In case you hadn’t noticed, the Detroit Tigers offense has had its struggles this season.

Nobody anticipated this. Even with Victor Martinez on the shelf, a team boasting Miguel Cabrera, Yoenis Cespedes, J.D. Martinez and Ian Kinsler should be a run-scoring powerhouse. Right now they are languishing at 10th in the American League in runs per game (4.2).

Things have been particularly bad in recent outings. During the first four days of their current West Coast road trip, the runs have been as dry as a teetotaller’s picnic—six in four games. Some quality pitching has enabled them to eke out a pair of victories in these outings. However, their offensive malaise cannot continue if they hope to keep pace in the crackerjack Central Division.

There is hope on the horizon for the beleaguered Tigers lineup. Uncharacteristically for this franchise, the player in mind is not a veteran on the trading block, but a prospect waiting in the wings.

Steven Moya is the man I refer to. The 6’7″ slugger has been tabbed as a player of the future by the Tigers for some time now. Tigers president/general manager Dave Dombrowski expressed his views on the 23-year-old last October to James Schmehl of MLive: “We love Steven Moya. … He’s a 35-home run, 100-plus hitting-type guy, and he plays solid defense and runs well for a big guy, too.”

Yep, Detroit’s No.1 prospect is the full package.

Dombrowski did not just pluck those numbers out of thin air. Last year with the Double-A Erie Seawolves, Moya set franchise records by uncorking 35 HR, 105 RBI and 286 total bases.

A September call-up for the first time last year, Moya had a chance of cracking the Tiger’s 25-man roster out of camp. But a poor spring (.125/.125/.250) had him heading back to the minors. Then, to rub salt into his wounds, he began the season late after sustaining a foot injury in early April.

Flip the calendar forward nearly two months, and things have changed significantly. After taking several weeks to find his groove, Moya is now raking at Triple-A Toledo.

Since May 12, he has hit .317 (19-for-60) and been on base in each of his 14 starts. During this time, Moya has plundered nine extra-base hits, including four home runs. One of these deep flies was also a game-winner against Buffalo on May 16.

Moya turning the corner may have come at just the right time for the Tigers. His hot bat could be the perfect fizz for Detroit’s un-carbonated offense.

Also beneficial is the fact that Moya bats from the left side. This would provide a nice complement to Detroit’s lineup, which is even more righty-dominant than normal with the absences of Martinez and Alex Avila.

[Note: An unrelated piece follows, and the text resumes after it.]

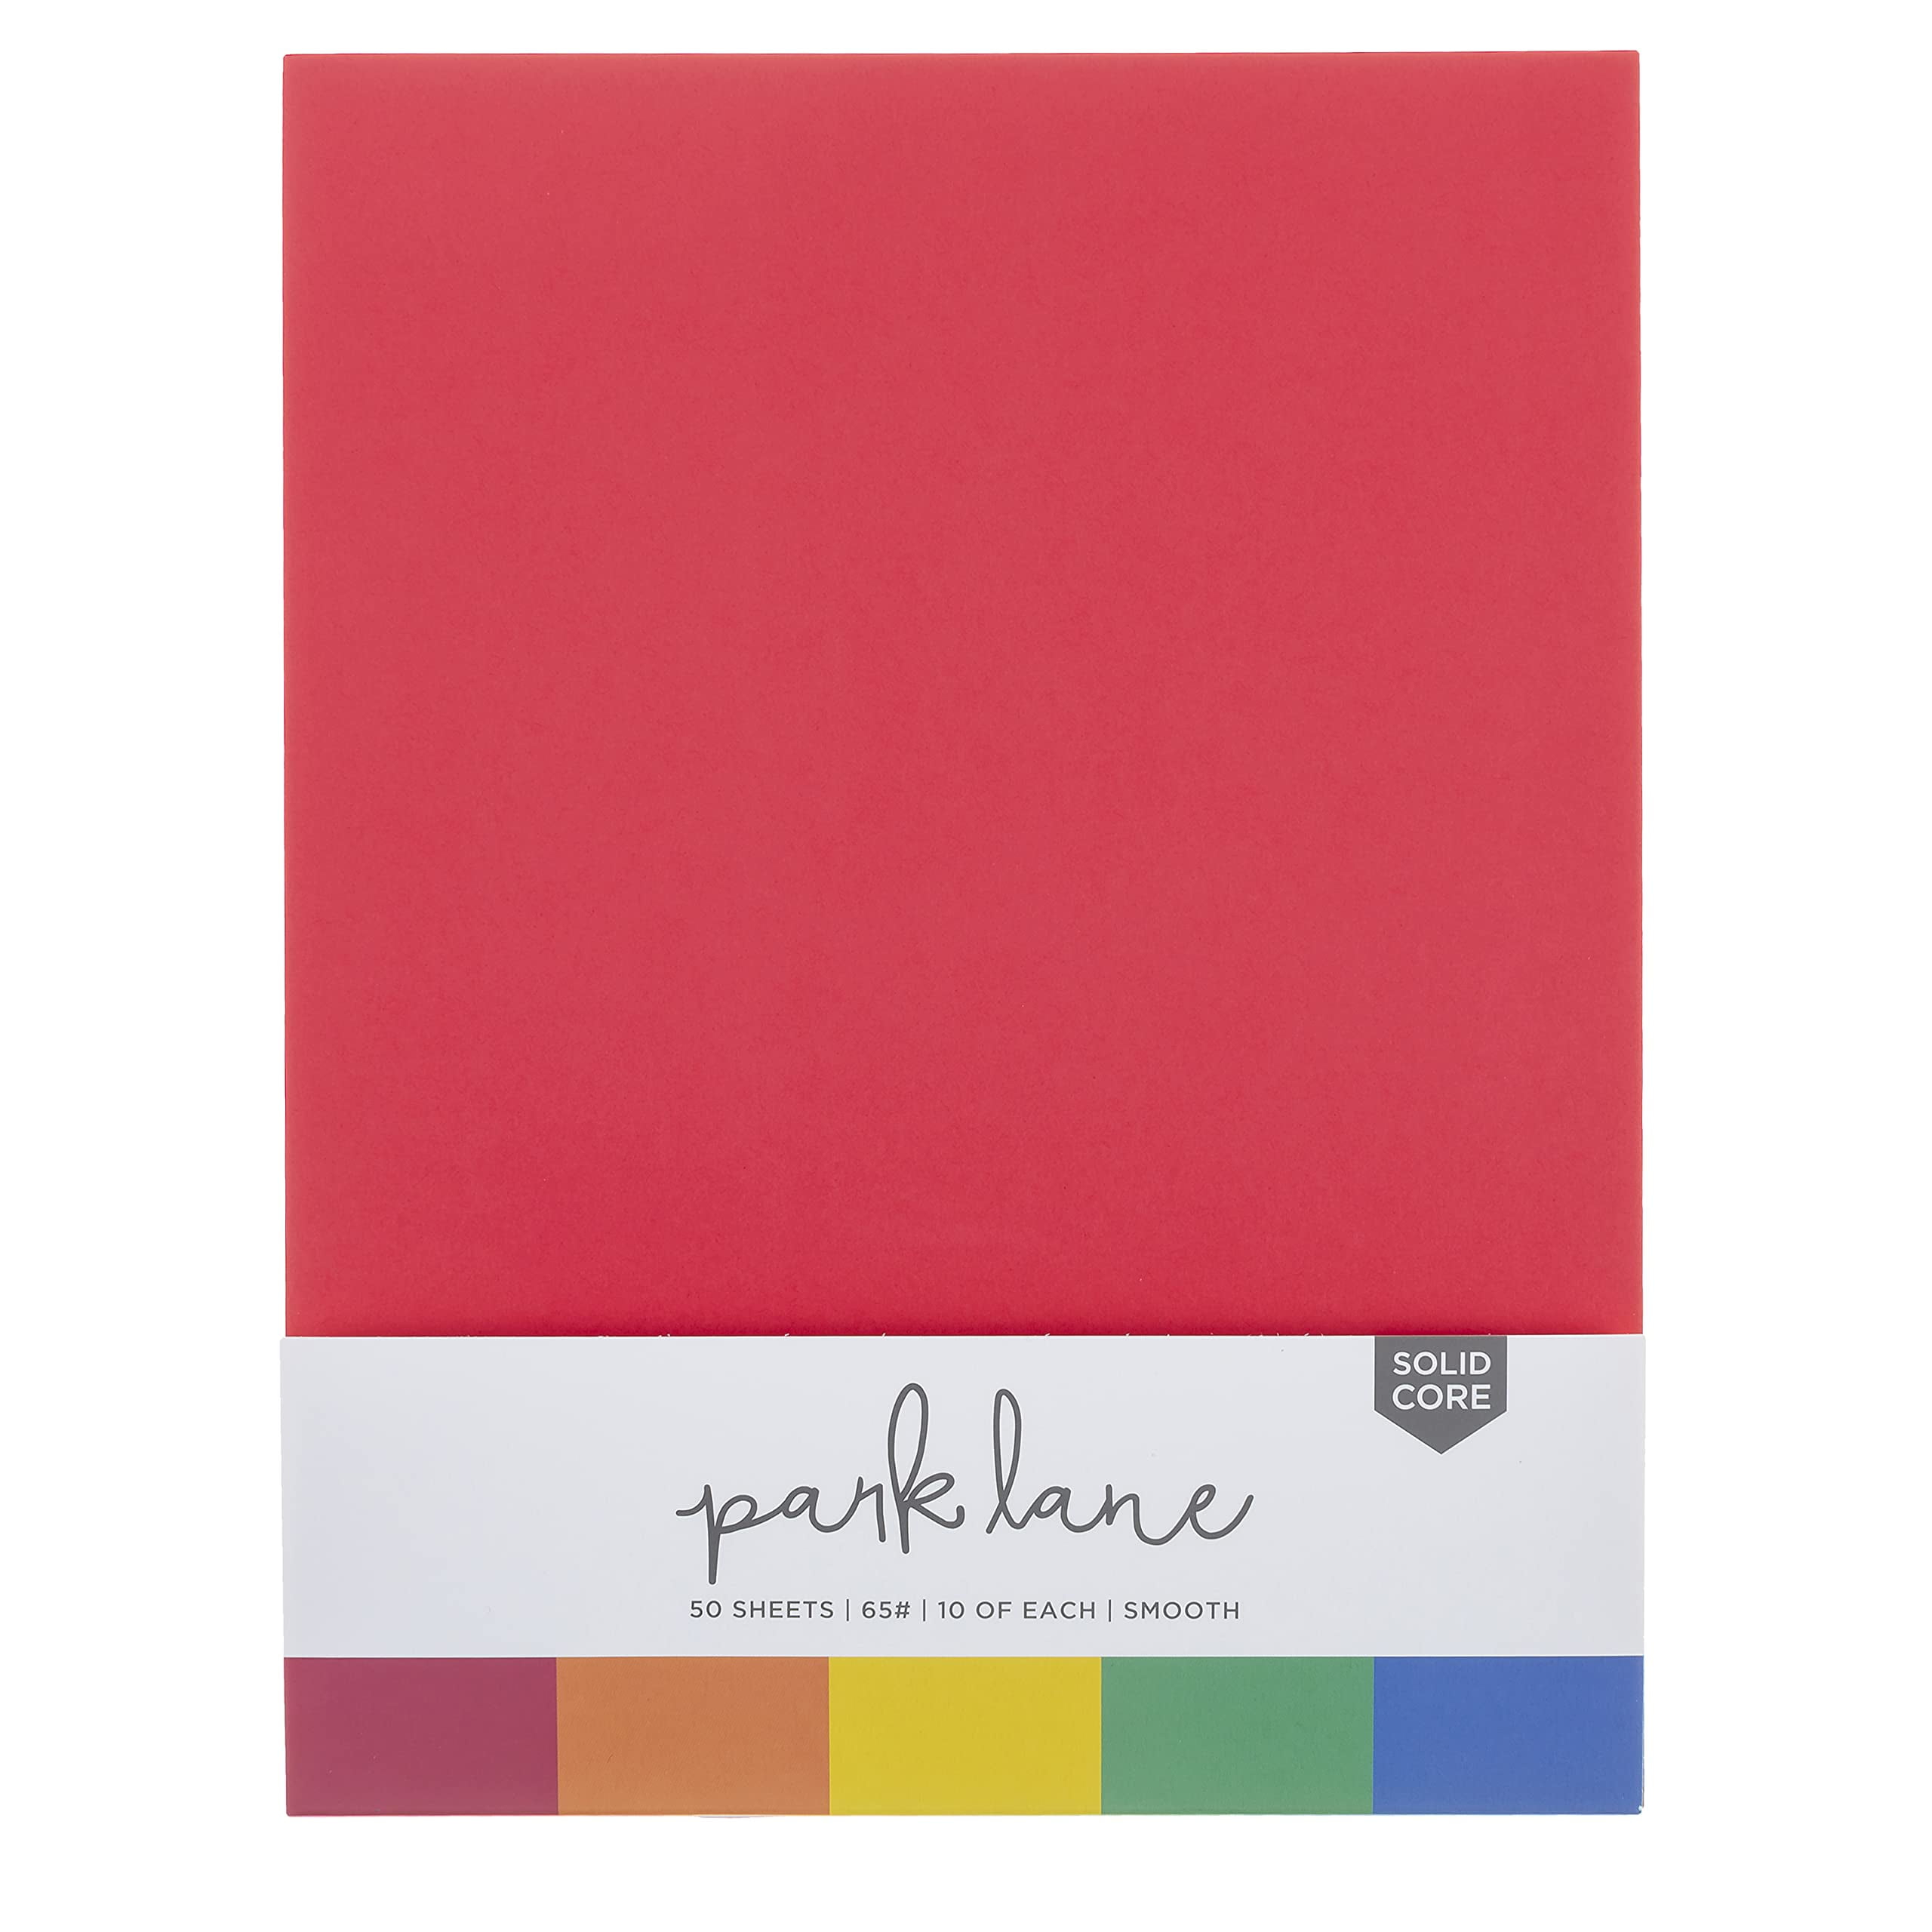 Card stock paper 8.5 X 11 ( 65 # ) 5 colorful sheets 271763

Center fielder Anthony Gose is currently the only everyday left-handed hitter on the Detroit team.

If promoted, Moya could slot in at No. 6 between J.D. Martinez and Nick Castellanos. This would not place too much burden on the youngster as he wets his feet in the big leagues.

Despite the documented upsides, Moya will come up with his warts. Last year he struck out 161 times at Double-A (31 percent) and has fanned another 50 times (31 percent) already in 2015.

The pitching will only get tougher in the majors, and Moya has shown no sign of lowering his strike out numbers. If given the chance now, his air-swing habits are unlikely to change in the short-to-medium term.

However, his immense talent and power may offset this issue. Many players are still productive and capable of helping their team win despite striking out a lot. Evan Gattis and George Springer of the Houston Astros are two cases in point.

Speaking last year to Lynn Henning of the Detroit News, Tigers manager Brad Ausmus recognised Moya’s flaws but also saw a silver lining:

It’s not uncommon for power hitters to swing and miss. But with experience, you hope his pitch-recognition goes up. I don’t think he’ll ever be Victor Martinez when putting the bat on the ball, but no one is. If he can make contact at the big-league level he’s going to hit some homers.

And the Tigers could certainly do with a few of those at the moment. What have they got to lose?

It could hardly get much worse on the offensive side than it is right now. If Moya fails, he can be sent back down for more seasoning and Detroit would go back to square one.

Whether it’s now or later, it’s just a matter of time before he does the business in Motown. Dombrowski seems ultra-confident of that: “If Moya‘s not a premium prospect, I don’t know who is. … I don’t know what damage he’ll end up doing this year, but I mean, this guy has unbelievable power,” he said to Anthony Fenech of Detroit Free Press.

We could be about to find out how much damage he can do. With the phone only an arm length away, Dombrowski’s hand may be just about to twitch.